REQUIRED WORK: Set down nothing but the lines from the one containing "Giorgio Beverly Hills G 90 ml Eau de Parfum" to the final line of the material, exactly as written, and drop the pictures.

INFORMATION SUPPLIED:
=-=-=
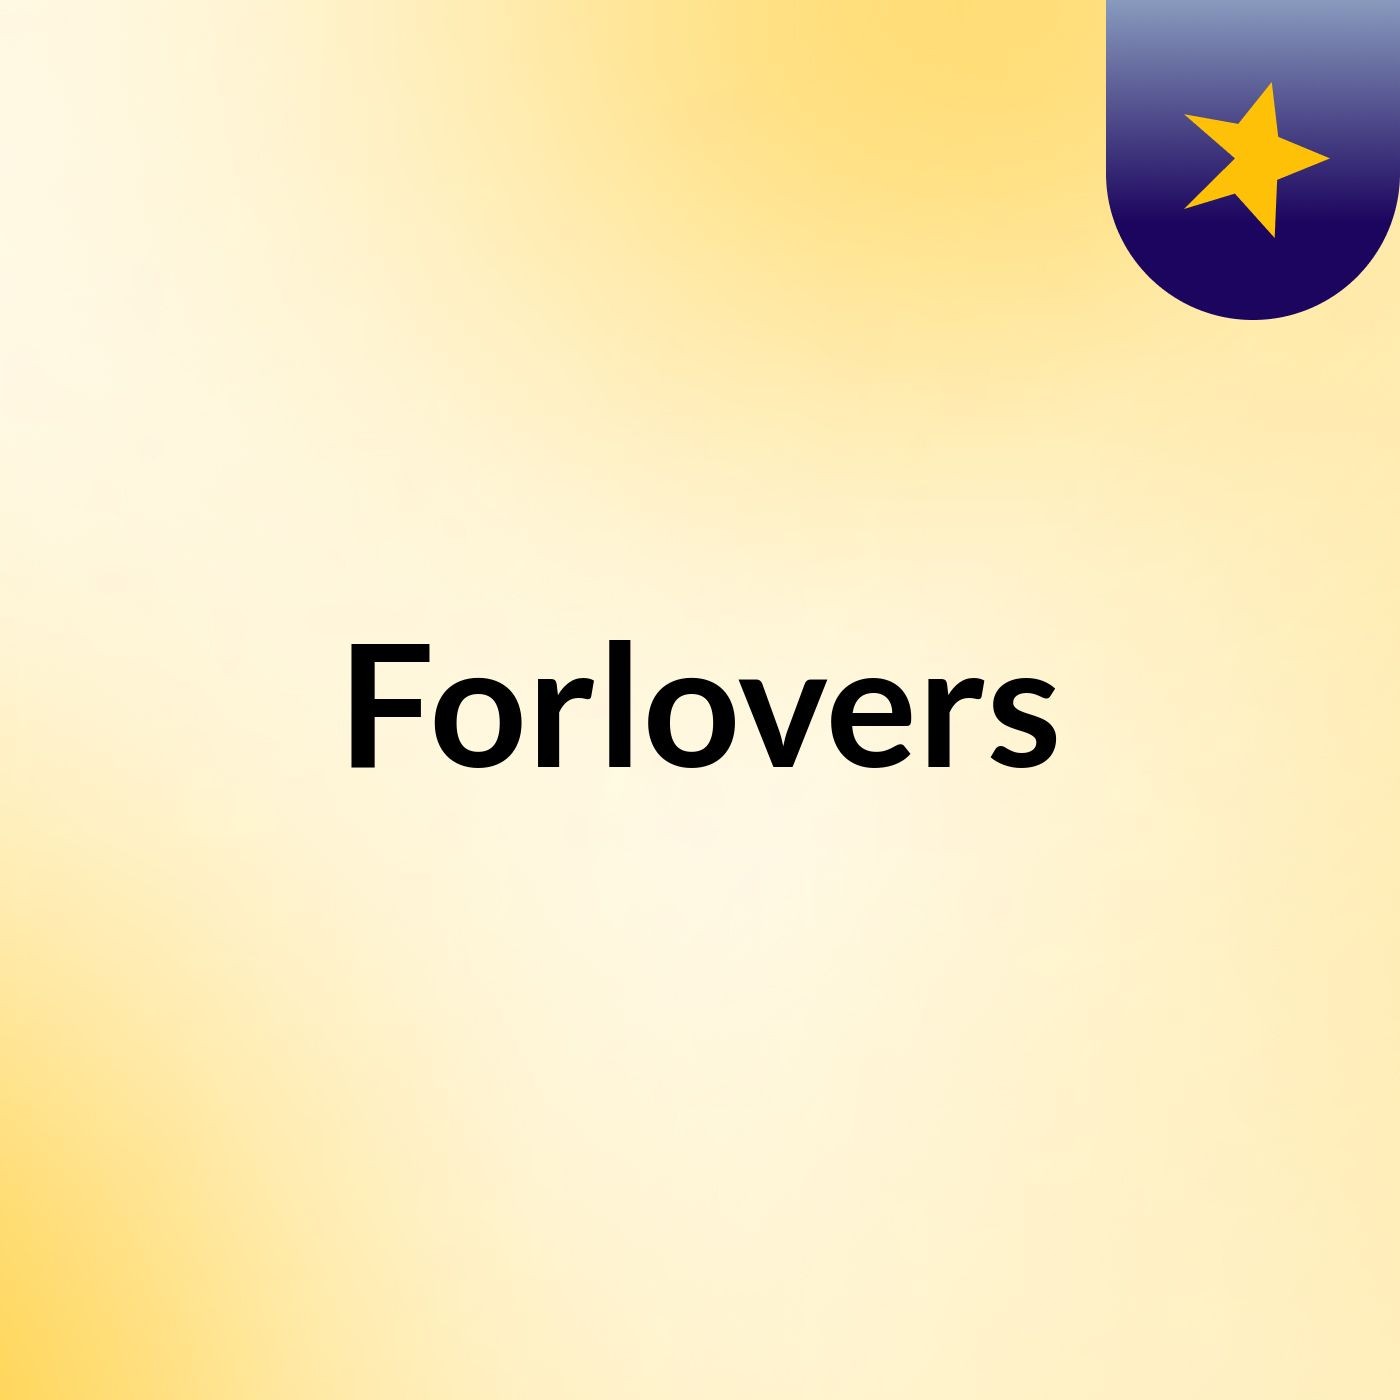 Episode 2 - Forlovers
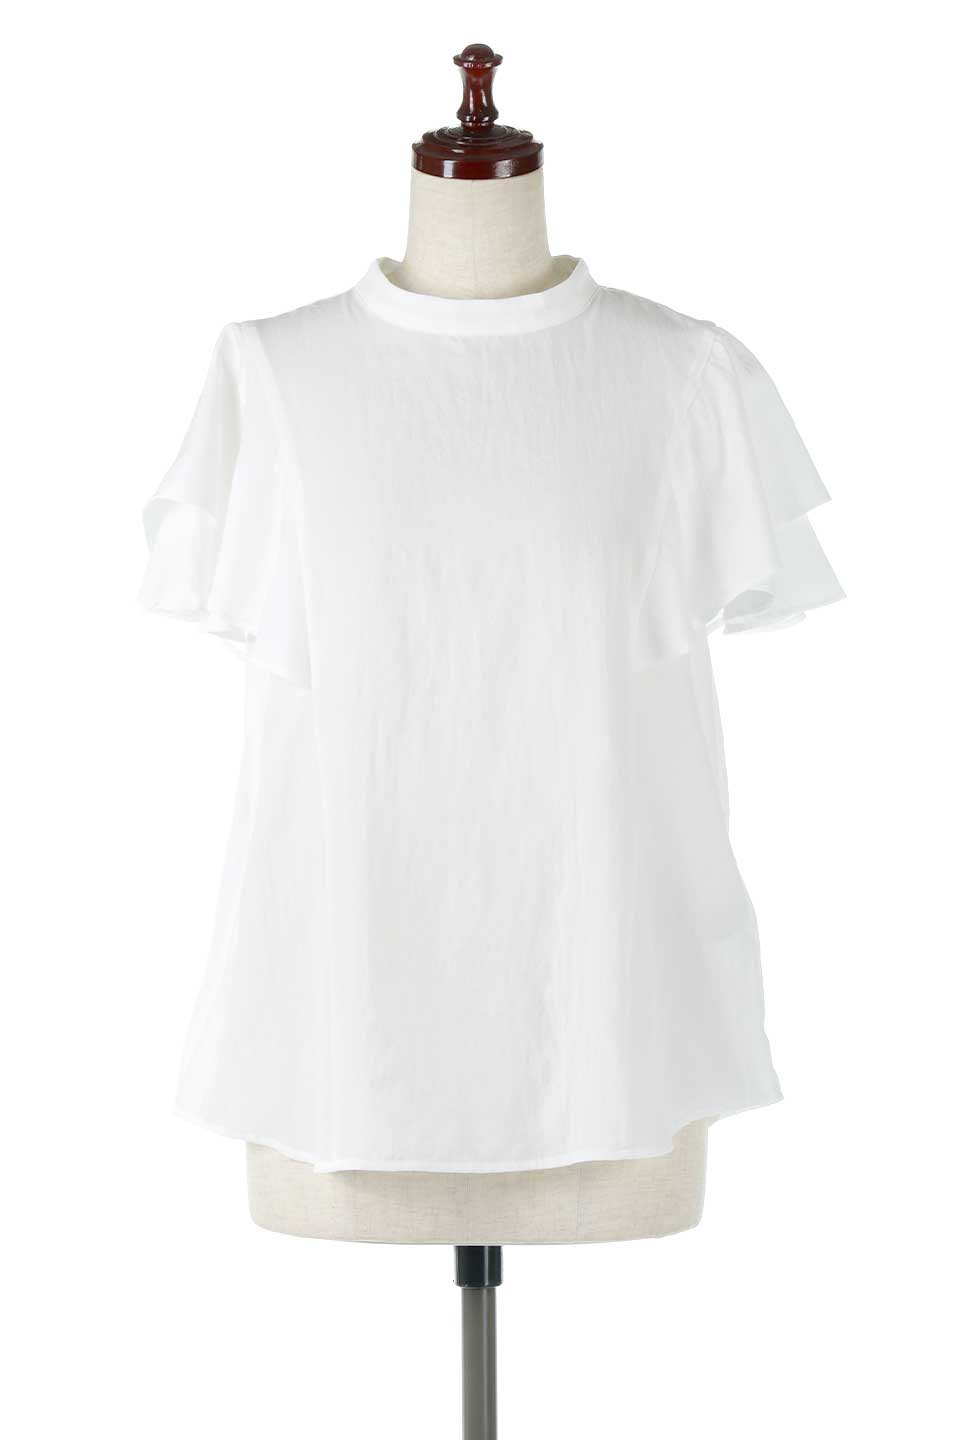 スタンドカラーとお袖のフリルが可愛い♡フリル襟シャツ♪白 インポート ブラウス
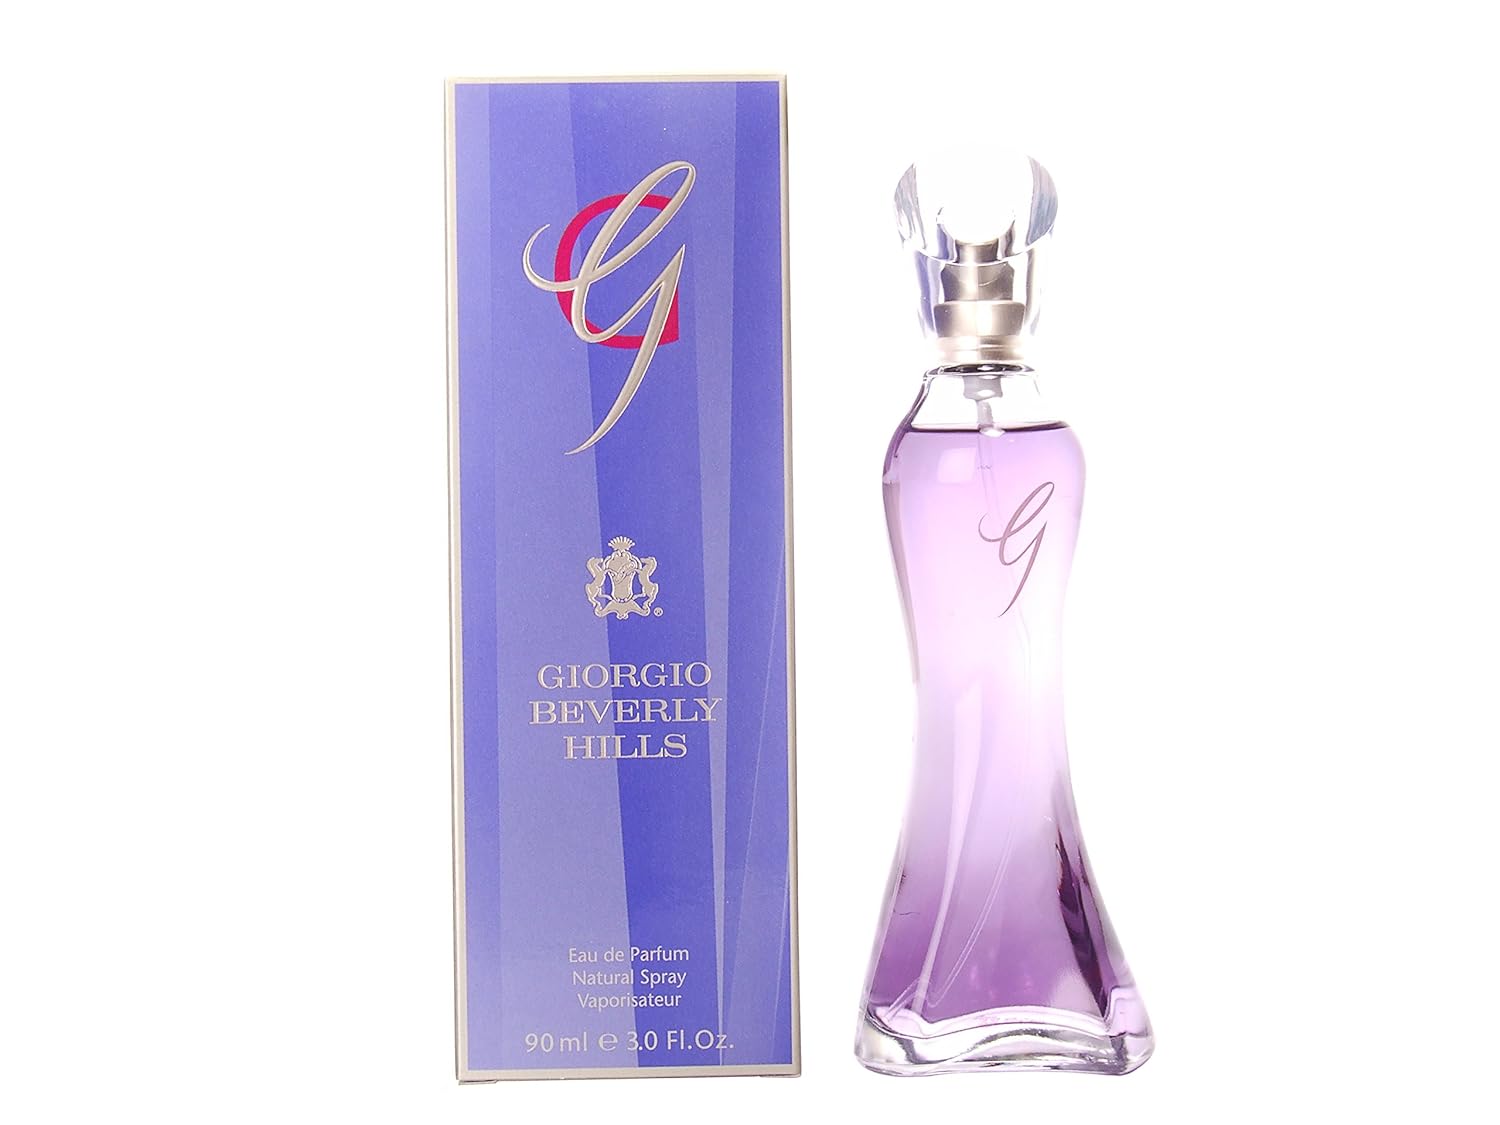 Giorgio Beverly Hills G 90 ml Eau de Parfum
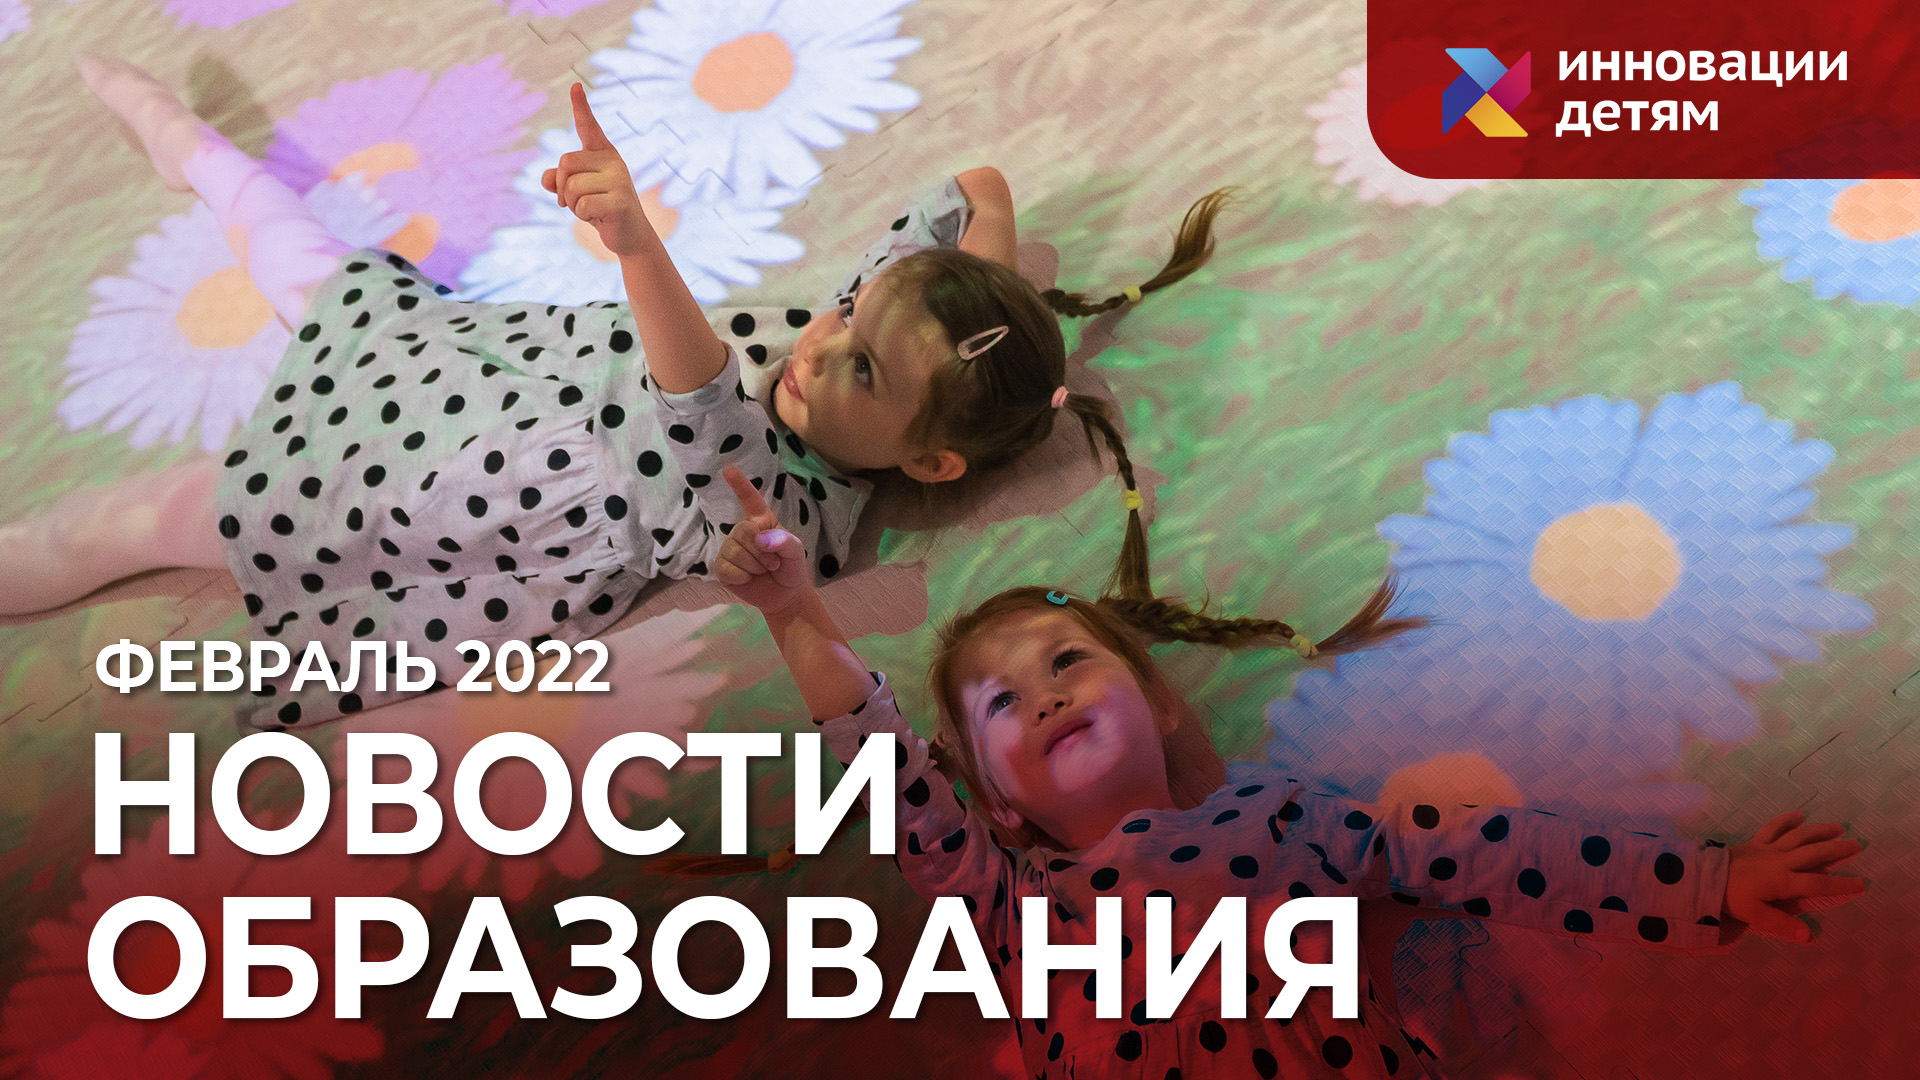 Новости образования от «Инновации детям» за февраль 2022
=-=-=
OUTPUT BELOW:
 Giorgio Beverly Hills G 90 ml Eau de Parfum
 Новости образования от «Инновации детям» за февраль 2022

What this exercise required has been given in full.